§ Exercise objective
Retype exactly the lines from the one that contains "Utagawa Hiroshige: Samurai & Male" through the end of the listing, both included, but not the pictures.

§ Dataset excerpt
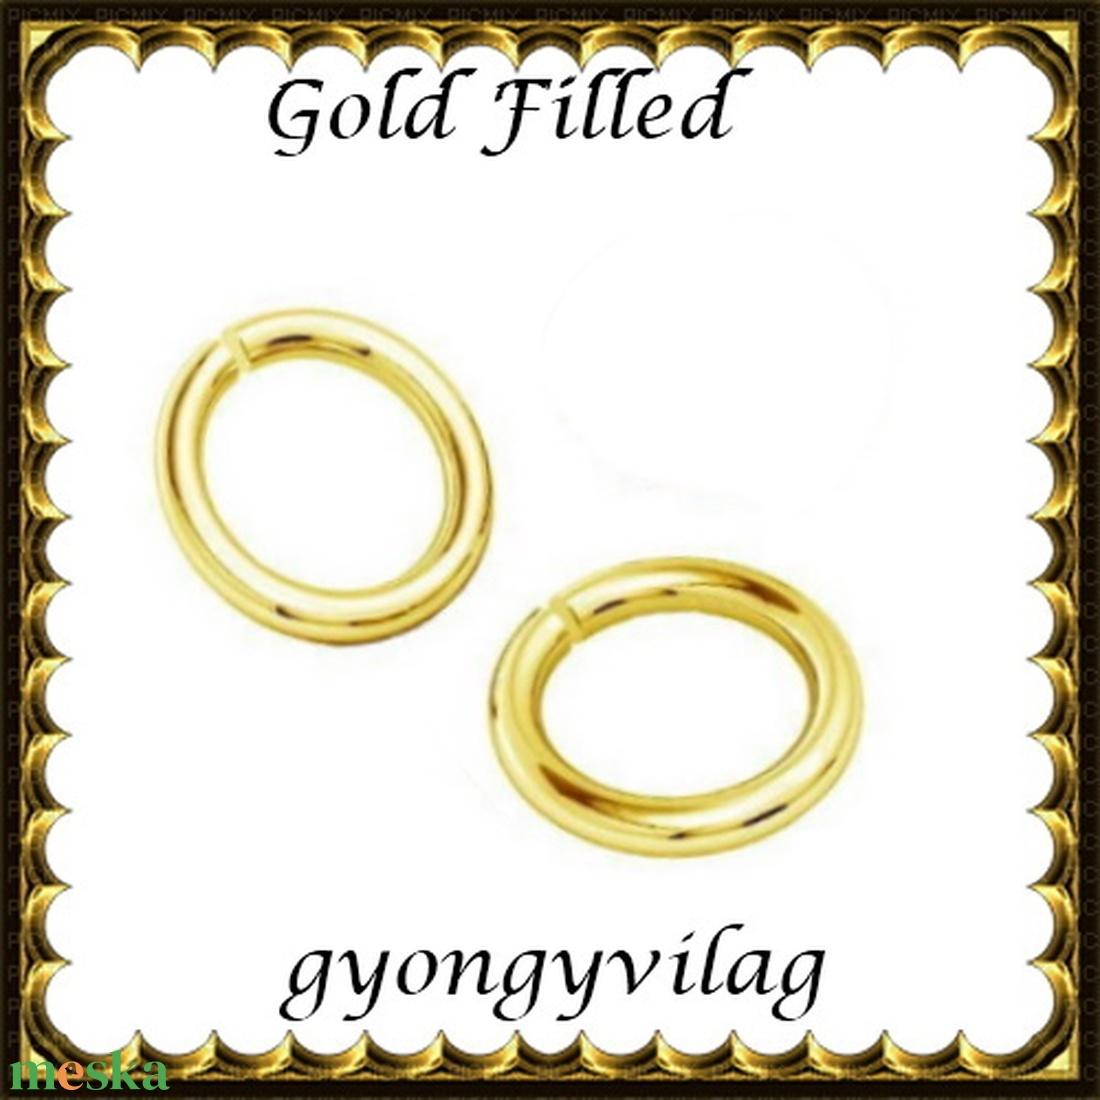 925-ös ezüst karika ESZK NY gold filled 5x0,8  2db/csomag - gyöngy, ékszerkellék - egyéb alkatrész - Meska.hu
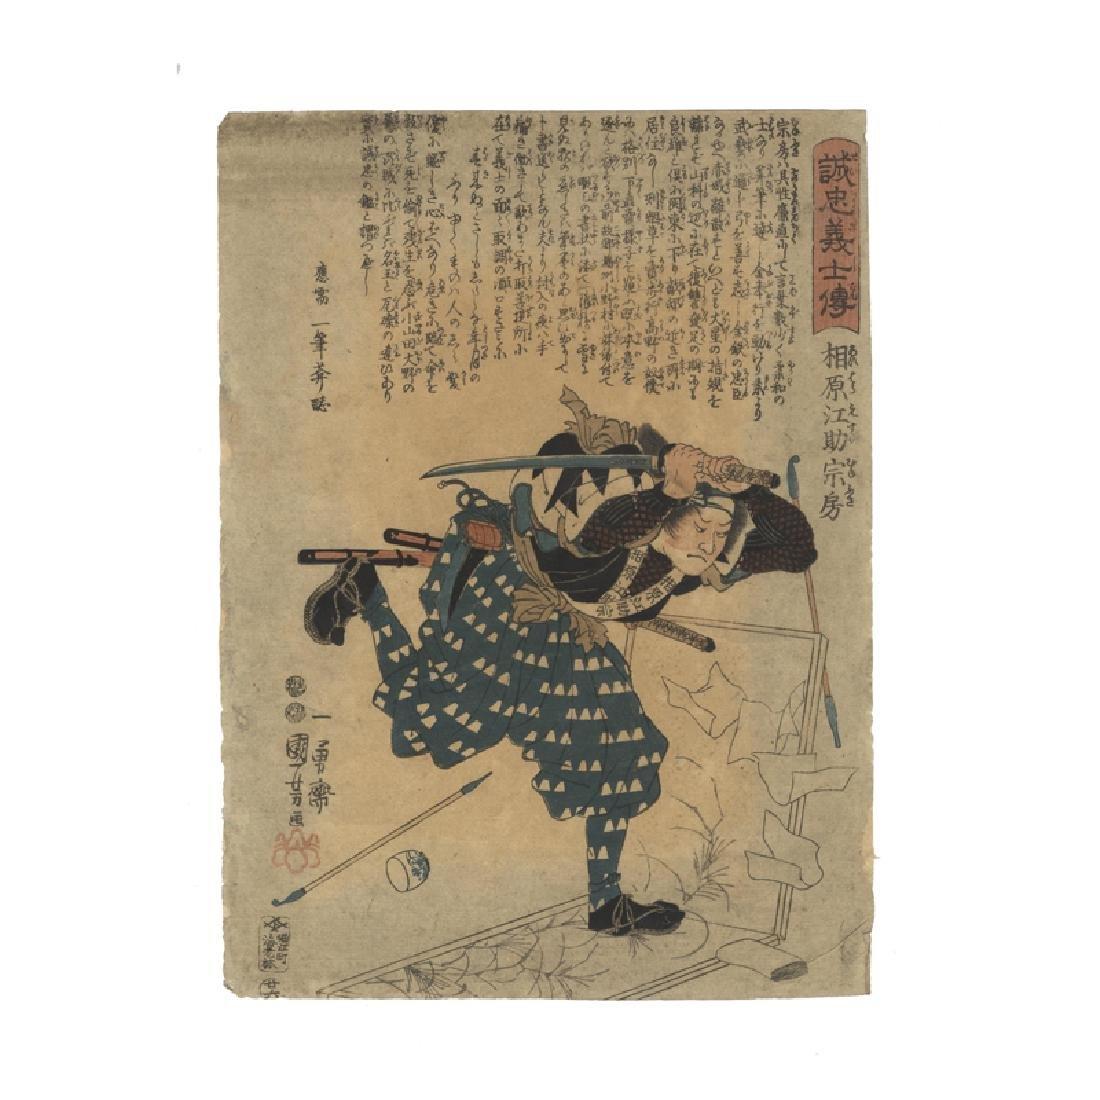 Utagawa Hiroshige: Samurai & Male
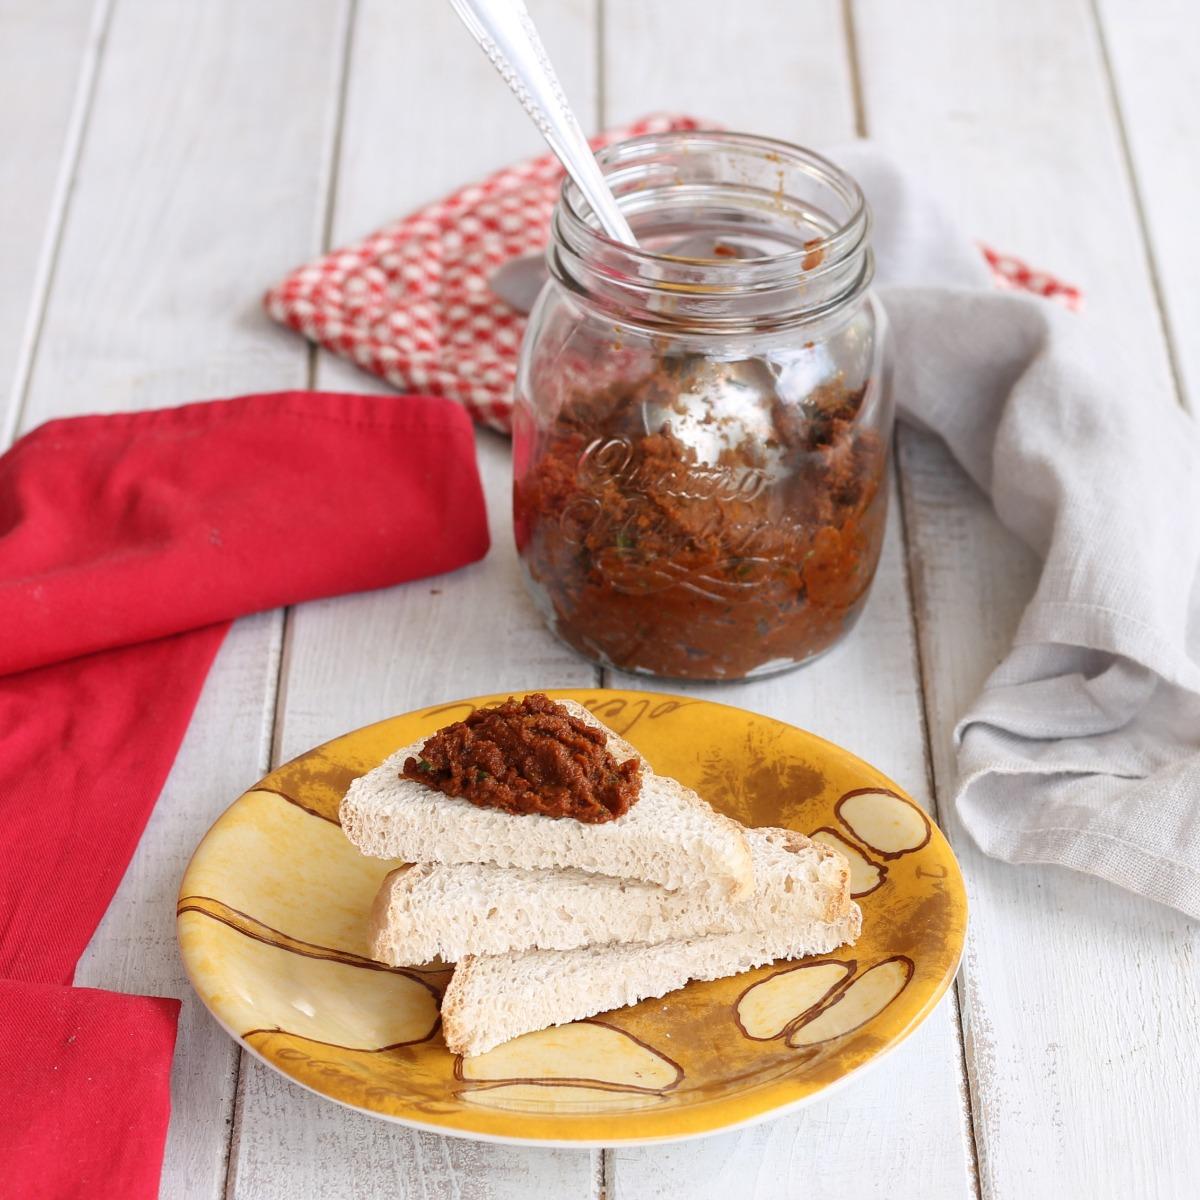 PESTO DI POMODORI SECCHI ricetta crema ai pomodori secchi senza cottura

§ Exercise answer
 Utagawa Hiroshige: Samurai & Male
 PESTO DI POMODORI SECCHI ricetta crema ai pomodori secchi senza cottura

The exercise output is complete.